ЗАХОЛУСТНЫЙ УГОЛОК ПОСЛЕ КРЕСТЬЯНСКОЙ РЕФОРМЫ
В Петербурге я слыхала немало рассказов о том, как родители недружелюбно
смотрят на сближение их детей с простонародьем, но совсем иное отношение
встретила я в моей семье. Когда я передавала матушке слышанное мною на
вечеринках, устраиваемых молодежью, о необходимости опрощения и служения
народу, об обязанности каждого просвещать его, о стремлении женщин к
самостоятельности и образованию, равному с мужчинами, она просто приходила в
восторг. Правда, ей казалось смешным, когда на девушку нападали за то, что она
вместо черного платья надевала цветное, или когда она, якобы за неимением
времени на прическу, обрезывала свою косу; вообще она, как старая женщина, не
могла сочувствовать формальной стороне нигилистического учения, но все
существенное в нем, его основа и главнейшие требования века сделались в
короткое время близкими ее душе, недаром же мы, ее взрослые дети, называли ее
первою нигилисткою в России. Когда я передала матушке о том, что мне советуют
сближаться с крестьянами, она удивилась даже, что мне приходилось это
советовать.
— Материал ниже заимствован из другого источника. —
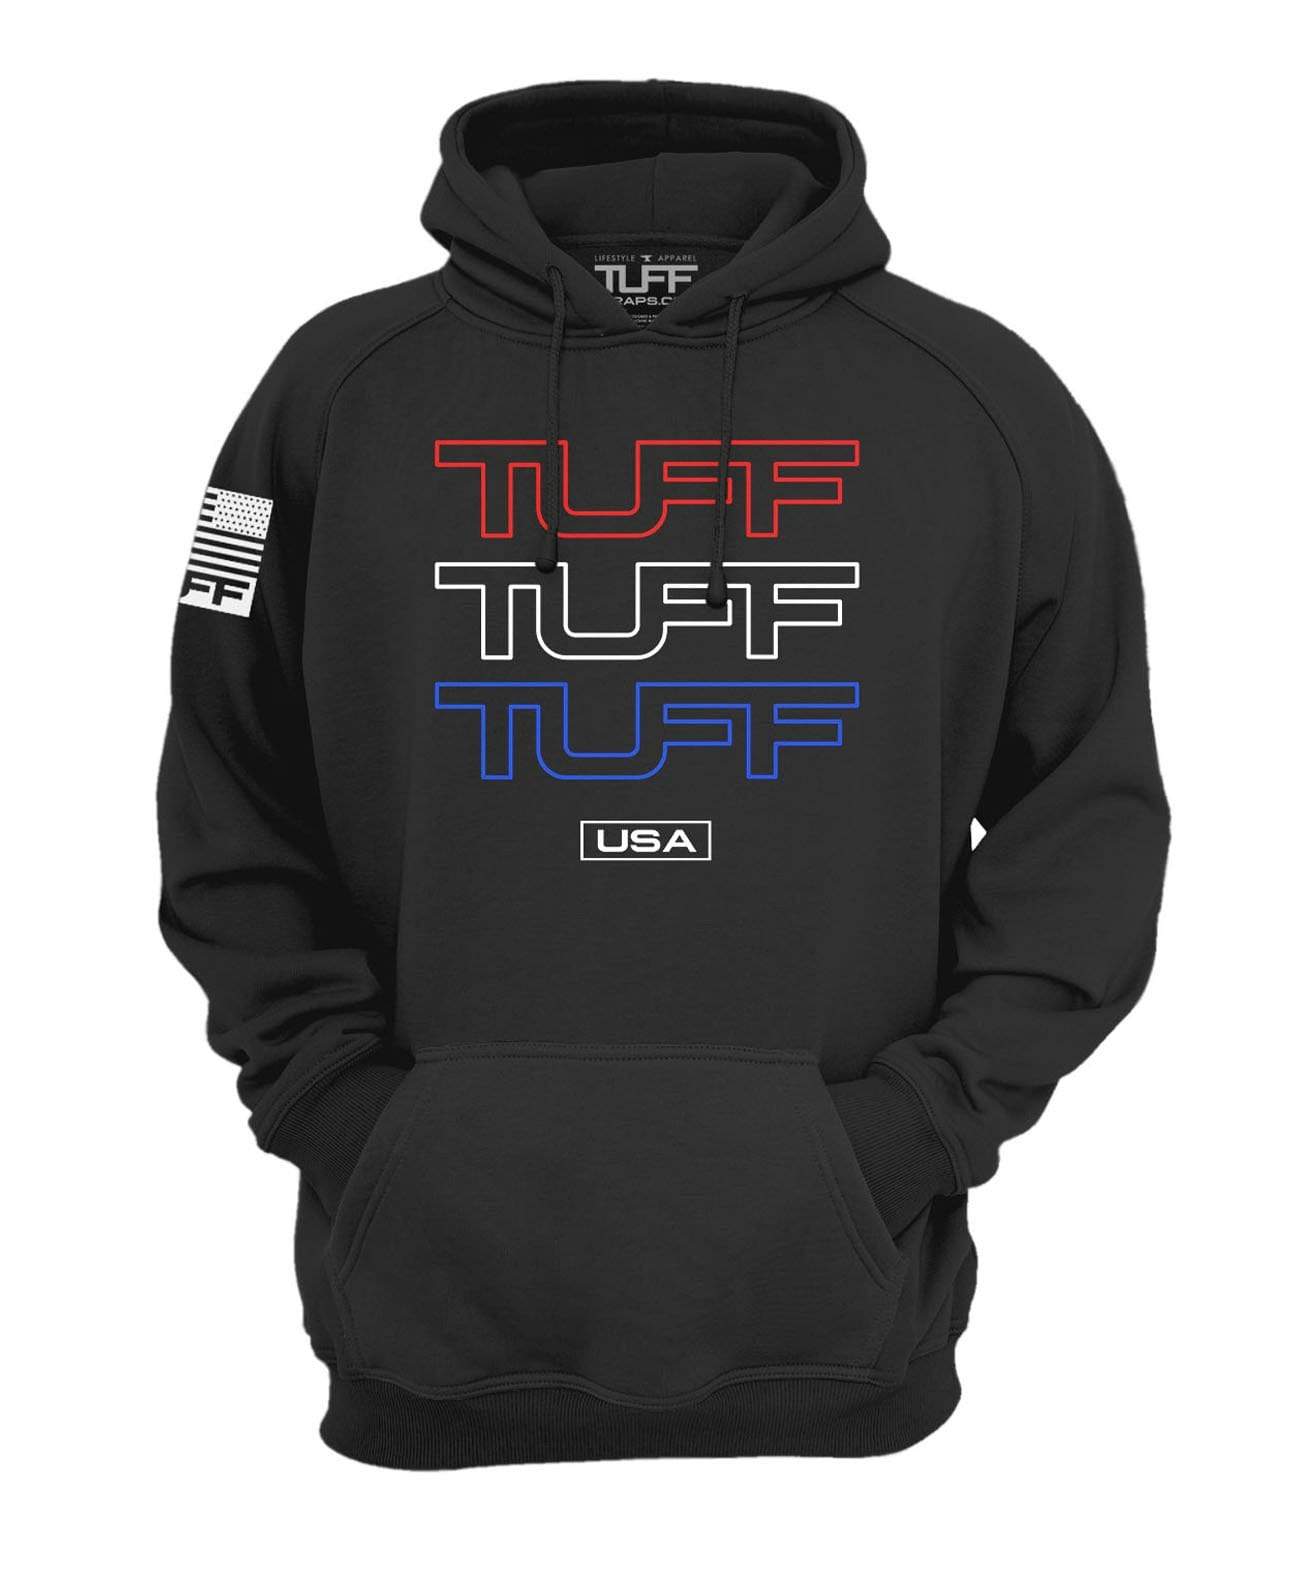 Triple TUFF USA Hooded Sweatshirt Men's Sweatshirts
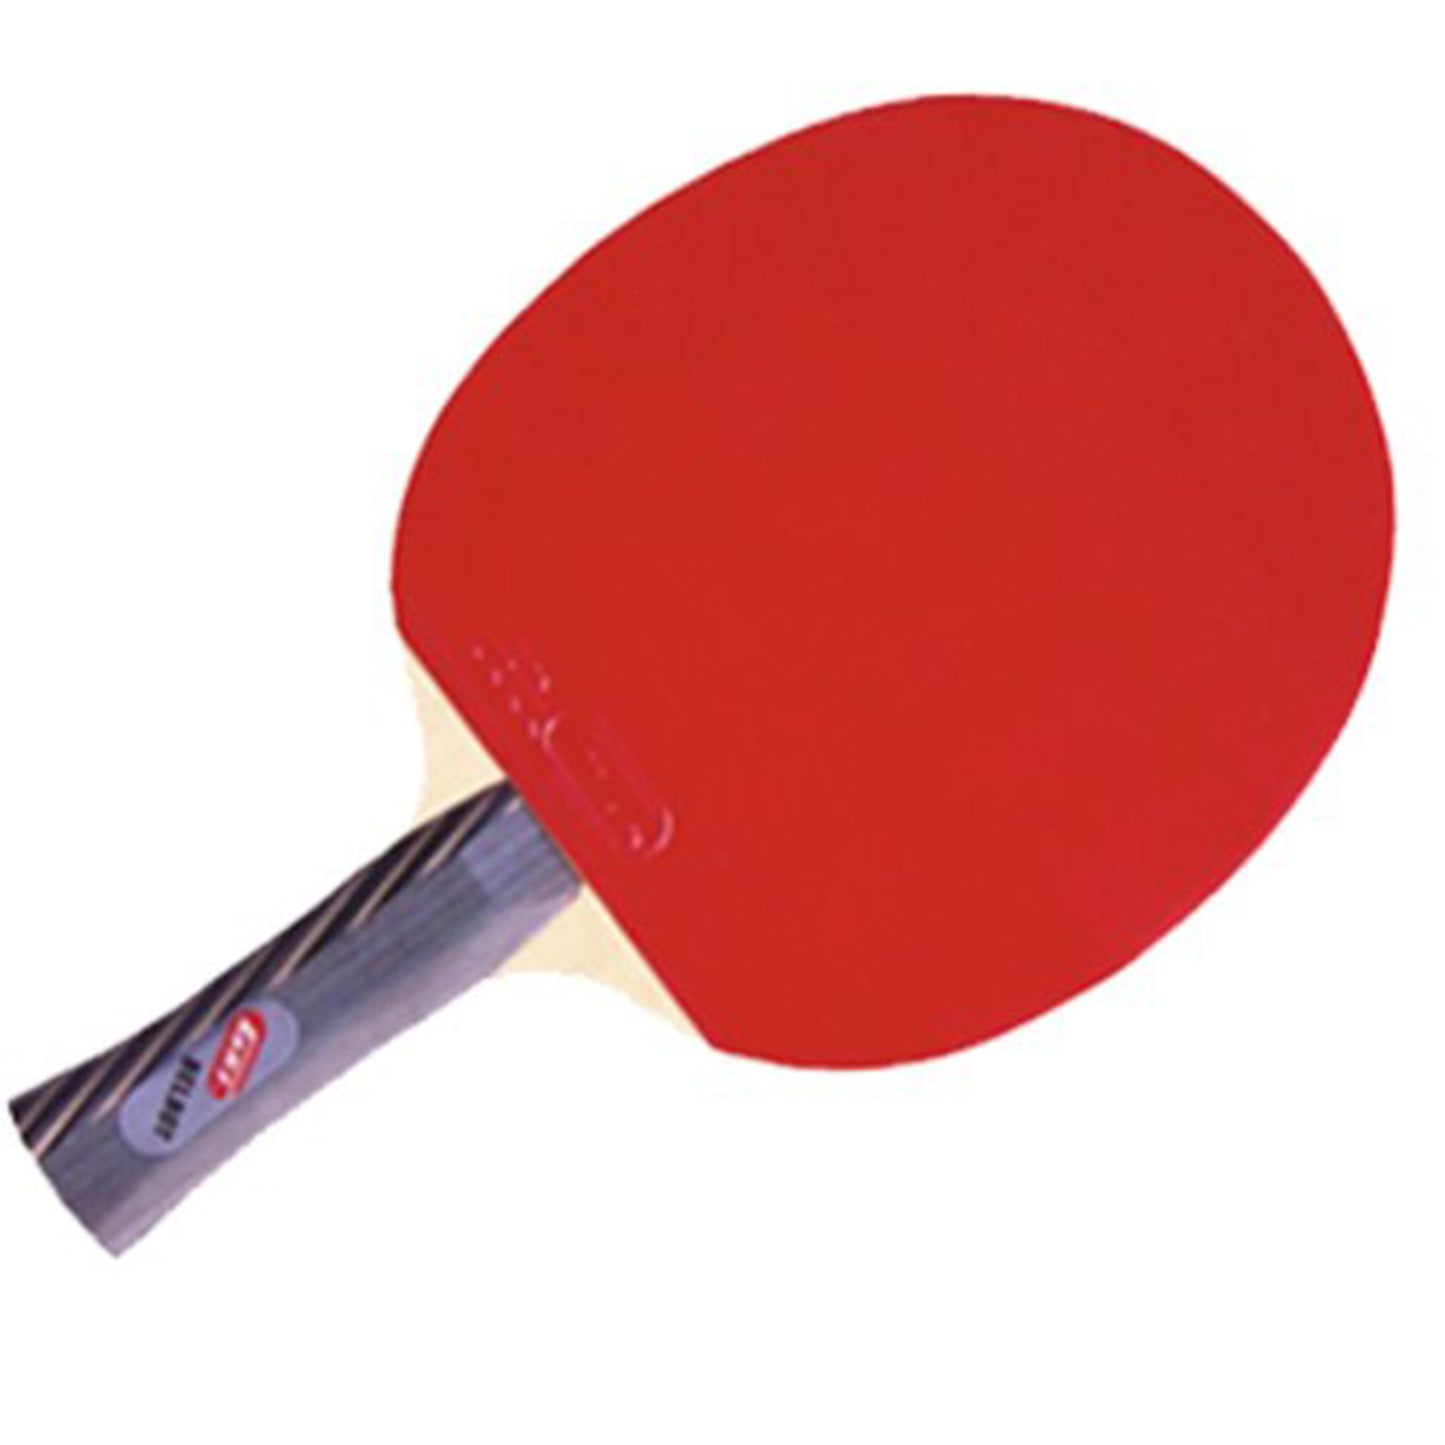 GKI Belbot Table Tennis Racquet - Best Price online Prokicksports.com

Она просто не понимала, как при жизни в деревне человек может
изолировать себя, обособиться от ближайших своих соседей, то есть крестьян, как
можно не чувствовать стремления быть им чем-нибудь полезным. Она твердо была
убеждена в том, что, ввиду их темноты и бедноты, каждый грамотный и
благожелательный человек может принести им много пользы. Она находила, что,
если я буду держать себя как барышня, отстраняться от интересов крестьян, я
никогда не узнаю их настоящего положения и пропаду от деревенской скуки.
-- Это как-то и не по-человечески: жить и не знать, что подле тебя делают люди!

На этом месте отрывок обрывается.